A COISA PÚBLICA DO MPLA E A PÚBLICA COISA DO… GOVERNO
A COISA PÚBLICA DO MPLA E A PÚBLICA COISA DO… GOVERNO João Lourenço

O ministro da Construção e Obras Públicas angolano, Manuel Tavares de Almeida, exortou hoje à “responsabilidade e maior transparência possível na gestão da coisa pública” dos novos membros dos conselhos fiscais dos órgãos tutelados pelo sector. Como exemplo da sua filosofia poderia ter dado o exemplo da (des)construção do Bairro do MPLA, também conhecido por Bairro dos Ministérios.

Queria apenas desejar aos recém-empossados bom trabalho com responsabilidade para que a gestão da coisa pública nos órgãos que vão trabalhar seja feito a melhor transparência possível, em dar mais segurança aos gestores que são responsáveis por esses órgãos”, disse, após conferir hoje posse aos conselhos fiscais dos cinco institutos do sector.

Manuel Tavares de Almeida empossou hoje, em Luanda, os membros dos conselhos fiscais do Laboratório de Engenharia de Angola (LEA), Instituto Nacional de Estradas de Angola (INEA), Instituto Nacional de Obras Públicas (INOP), Instituto Regulador da Construção Civil e Obras Públicas (IRCCOP), Fundo Rodoviários Obras de Emergência (FROE). Cada conselho fiscal dos referidos órgãos é constituído por três membros, nomeadamente um presidente e dois vogais.

Ficou por dar posse aos conselheiros do Instituto da Competência porque este desapareceu em combate no dia 11 de Novembro de 1975 e, até agora, ninguém mais lhe pôs a vista em cima…

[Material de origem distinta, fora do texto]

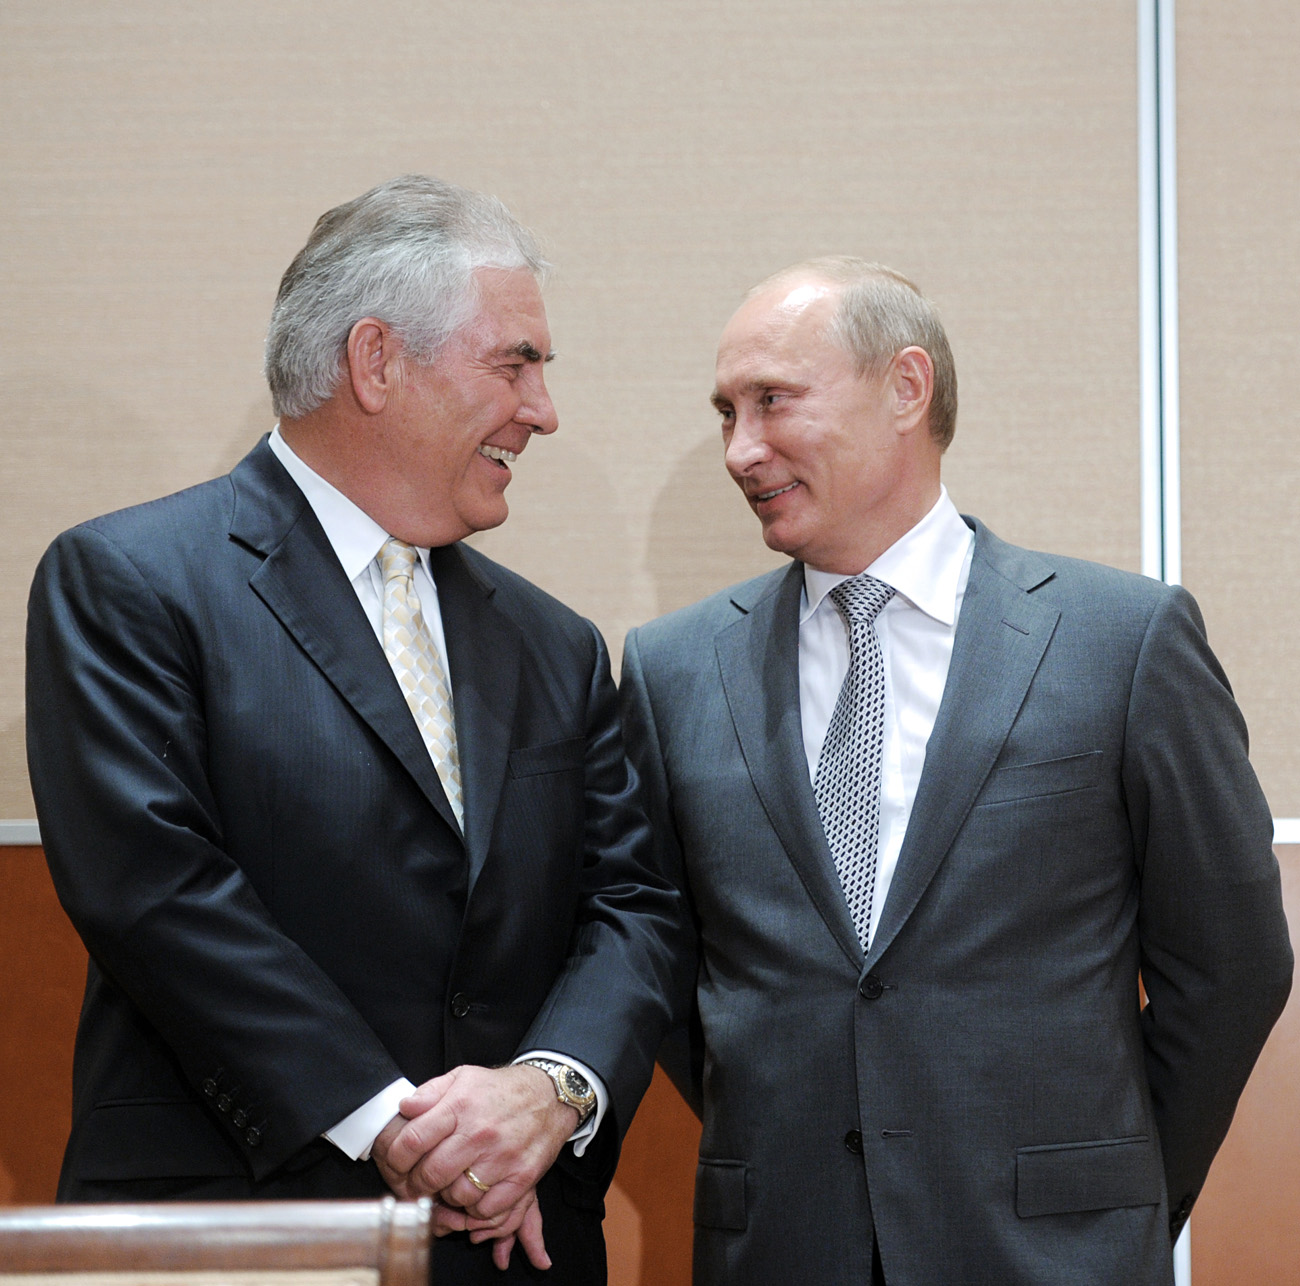 Pútin (dir) e Tillerson durante assinatura de acordo entre Rosneft e ExxonMobil, em 2011

Para o presidente do conselho fiscal do Laboratório de Engenharia de Angola, Nelito Vítor, o momento traduz-se numa “nova era” para o sector da Construção e Obras Públicas, assegurando “maior dinamismo” na fiscalização das obras a nível do país.

“Na verdade o que se espera é tentarmos dinamizar aquilo que já é feito e olhando naquilo que não estiver a ser feito convenientemente e de acordo com os normativos ou a lei vamos poder então recomendar e dar sugestões no sentido de podermos cumprir o nosso papel”, disse aos jornalistas.

Segundo o responsável, que admite “muitos desafios” pela frente, deve haver um “trabalho conjunto” dos diferentes conselhos fiscais para “melhorar a gestão das finanças públicas”.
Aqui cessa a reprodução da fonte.